At her tone, Matt moved away with a sigh. He knew that there was going to be no more lovemaking until this was hashed out. He ran his hand over his eyes. “That’s why she came to Calburn. Burgess went to California on business back in the sixties, and he returned home with a wife. I was just a kid then, but I still remember hearing how she shocked people.”

“While she was married?!” Bailey asked, wide-eyed.

“No,” he said in disgust. “Not that way. It was the clothes she wore and the way she acted.”

“Oh, I see. Miniskirts and go-go boots.”

Matt smiled. “My mother once told me that Violet had shocked everyone because she didn’t wear a hat or gloves.”

“That is shocking,” Bailey said, smiling. “Was your mother also shocked by her?”

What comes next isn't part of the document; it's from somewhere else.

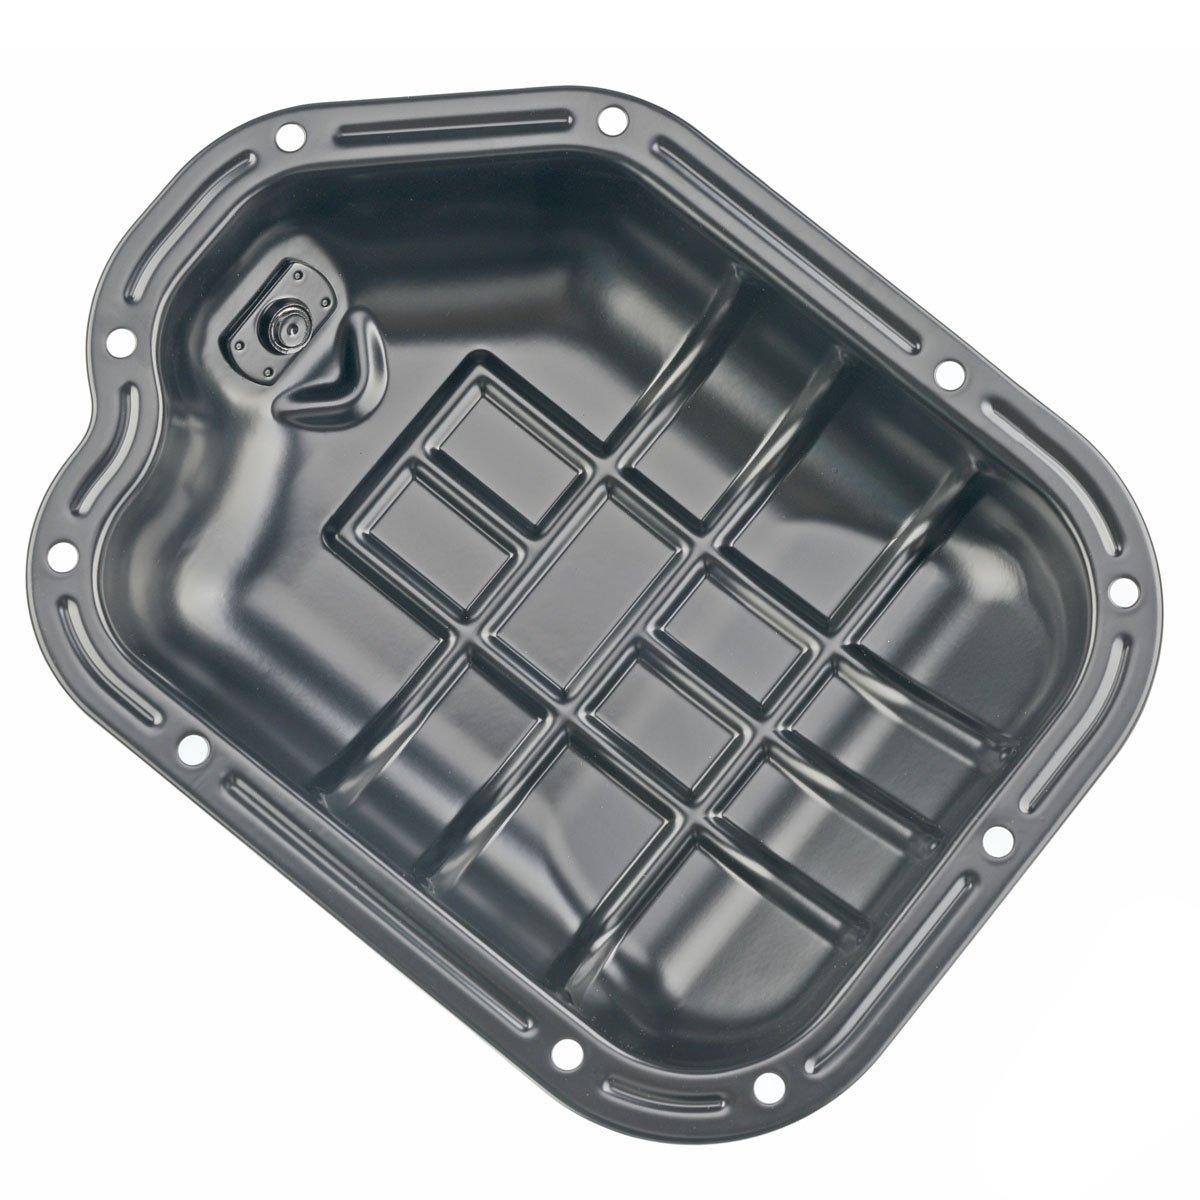 Engine Oil Pan for Nissan Altima 2007-2016 Murano Pathfinder Infiniti QX60 JX35

“I think my mother rather liked Violet, although she never said one way or the other, but when I was a kid I saw the movie Bonnie and Clyde on TV, and when my mother saw I was watching it, she said, ‘That’s what Violet was wearing the first time I saw her.’ ”

“Right,” Bailey said. “One of those movies that sweeps the country with its fashions. So Violet came from California, wore the latest of the latest, and was married to one of the Golden Six.”

“Right. Burgess had bought the house that Violet lives in now years before, and they lived there until the lumberyard went bankrupt and Burgess was killed in a plane crash.” Matt grimaced. “A lot of people said he went down on purpose. I heard that he was never the same man after Frank’s death.”

“That’s what people said about Jimmie,” Bailey said under her breath, then her head came up. “ ‘Murders called suicide,’ ” she said.

“What does that mean?”

“Arleen—”

“You mean the woman you foisted on Janice? The woman who whenever I’ve asked you where you met her, you’ve run into another room rather than answer me? That Arleen?”